Search code examples
javaoptimizationrecursioncompiler-constructionjit

Can Java compiler optimize adding to a set in recursive methods


Simple question asked mostly out of curiosity about what java compiler's are smart enough to do. I know not all compilers are built equally, but I'm wondering if others feel it's reasonable to expect an optimization on most compilers I'm likely to run against, not if it works on a specific version or on all versions.

So lets say that I have some tree structure and I want to collect all the descendant of a node. There are two easy ways to do this recursively.

The more natural method, for me, to do this would be something like this:

public Set<Node> getDescendants(){

   Set<Node> descendants=new HashSet<Node>();
   descendants.addall(getChildren());

   for(Node child: getChildren()){
      descendants.addall(child.getDescendants());
   }

   return descendants;
}

However, assuming no compiler optimizations and a decent sized tree this could get rather expensive. On each recursive call I create and fully populate a set, only to return that set up the stack so the calling method can add the contents of my returning set to it's version of the descendants set, discarding the version that was just built and populated in the recursive call.
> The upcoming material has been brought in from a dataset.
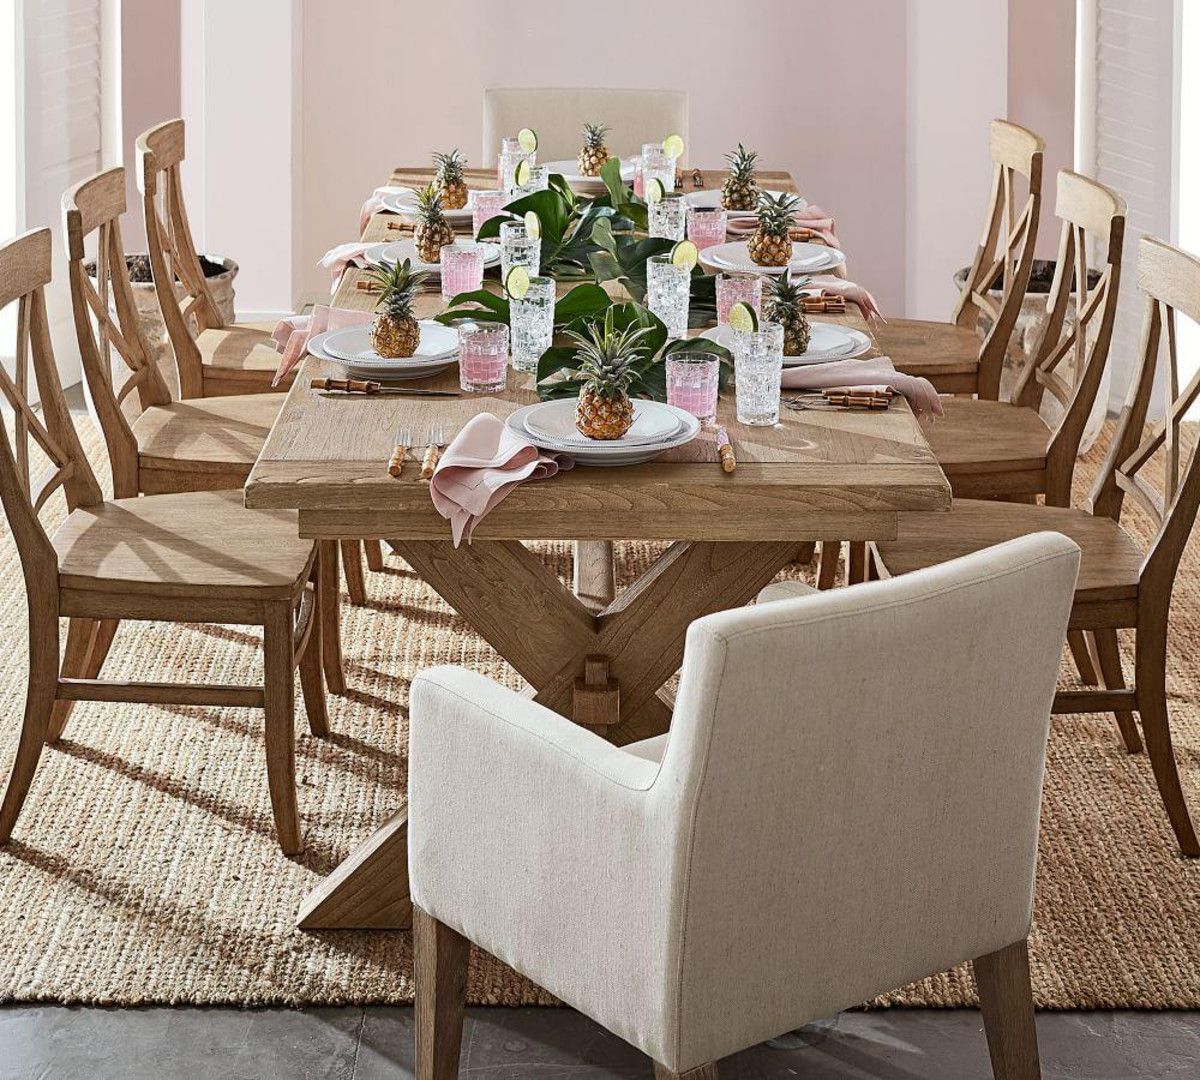 Toscana Extending Dining Table – Seadrift In 2019 Inside Current Belgian Gray Linden Extending Dining Tables (View 18 of 25)

So now I'm creating many sets just to have them be discarded as soon as I return their contents. Not only do I pay a minor initialization cost for building the sets, but I also pay the more substantial cost of moving all the contents of one set into the larger set. In large trees most of my time is spent moving Nodes around in memory from set A to B. I think this even makes my algorithm O(n^2) instead of O(n) due to the time spent copying Nodes; though it may work out to being O(N log(n)) if I set down to do the math.

I could instead have a simple getDescendants method that calls a helper method that looks like this:

public Set<Node> getDescendants(){
    Set<node> descendants=new HashSet<Node>();
    getDescendantsHelper(descendants);   

    return descendants;
}

public Set<Node> getDescendantsHelper(Set<Node> descendants){

   descendants.addall(getChildren());

   for(Node child: getChildren()){
      child.getDescendantsHelper(descendant);
   }

   return nodes;
}

This ensures that I only ever create one set and I don't have to waste time copying from one set to another. However, it requires writing two methods instead of one and generally feels a little more cumbersome.

The question is, do I need to do option two if I'm worried about optimizing this sort of method? or can I reasonably expect the java compiler, or JIT, to recognize that I am only creating temporary sets for convenience of returning to the calling method and avoid the wasteful copying between sets?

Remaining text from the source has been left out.